Я схватилась за горло. Этот разговор давался мне бог знает как нелегко, возникало ощущение, словно что-то душит меня изнутри, не давая произносить того, что я не хотела, не могла и не имела права произносить.
– Что она еще сказала? – строго спросил Валерий, точно я была в чем-то виновата.
Я не стала сыпать упреками, понимая, как ему нелегко. Я бы тоже не поверила во все это, услышав эту историю от третьих лиц.
– Она сказала, что тебе ни в коем случае нельзя было узнать то, что ты узнал. Еще она сказала, что через пару дней ты превратишься в… это бесчувственное существо из передачи. Помнишь, мы смотрели?
– Да, но мне все это казалось чушью!
– Да, мне тоже…
Мы постояли посреди коридора молча.
– Ты говорила, что поможешь мне. – Пауза. Может, он ждал, что я скажу «да» или хотя бы кивну? Ни того ни другого я не сделала. – Как? Как ты собиралась помочь?
– Извини, но это мое дело.
Я думала, он будет ругаться, но он не стал. Только робко поинтересовался:
– Ты уверена, что получится? Гарантии есть?
Я испуганно воззрилась в его туманные глаза. Против воли мой подбородок затрясся. Я должна была ответить правду.
– Нет. Никаких.
– Значит, я… Может быть, я не выживу? Я останусь… ничем?
Со стороны это могло показаться комедией или диалогом сумасшедших. В тот час мне казалось это трагедией.

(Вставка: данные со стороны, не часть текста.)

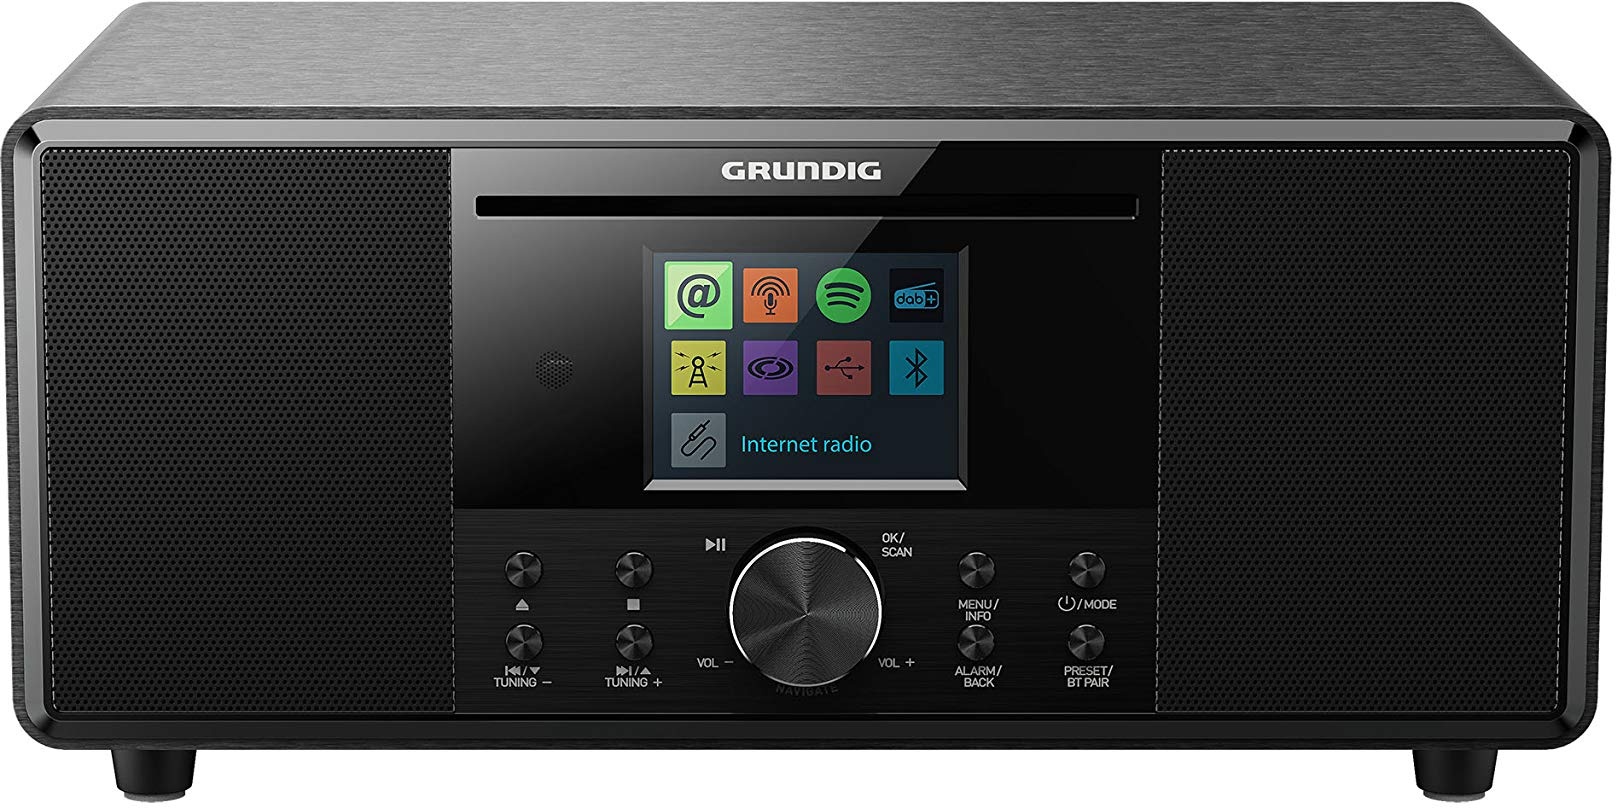 GRUNDIG GIR1070 DTR 7000 All-In-One Internetradio, FM/RDS/DAB+/Internetradio, Bluetooth, Schlummerfunktion, Dual Alarm, 2,8 Zoll Farbdisplay, Schwarz

– Может быть, – вымолвила я с большим трудом.
От мысли, что Валера может рассыпаться, как прах, мне стало ужасно страшно. Я поняла, что сделала бы что угодно, чтобы его спасти. Но средств не было. Или были? Если вернуться на этот свет ему помогло неоконченное дело, то вдруг остаться здесь ему поможет любовь?
– Помнишь, мы говорили о счастье? – спросил любимый, глядя на меня печальными глазами, в уголках которых спрятались остатки слез.
– Да.
– Странно, но смысл этого слова окончательно понимаешь, когда уже ничего нельзя вернуть. Когда переходишь черту. Когда все заканчивается. Вот теперь я понял, что такое счастье.
– И что же?
Он смотрел в мои глаза, а я – в его.
Сказал тихо:
– Счастье – когда перед тем, как уйти навсегда, ты успеваешь проститься.
Слезы покатились по моим щекам, через пару секунд – по его. Дотоле белая маска приобрела живые черты. Отныне это было истинное лицо. Живущее, чувствующее, любящее.
Мы оба хотели проститься. Еще давно, с самого первого дня. И мы простились. Это было долгое сладострастное и болезненное прощание огня и льда.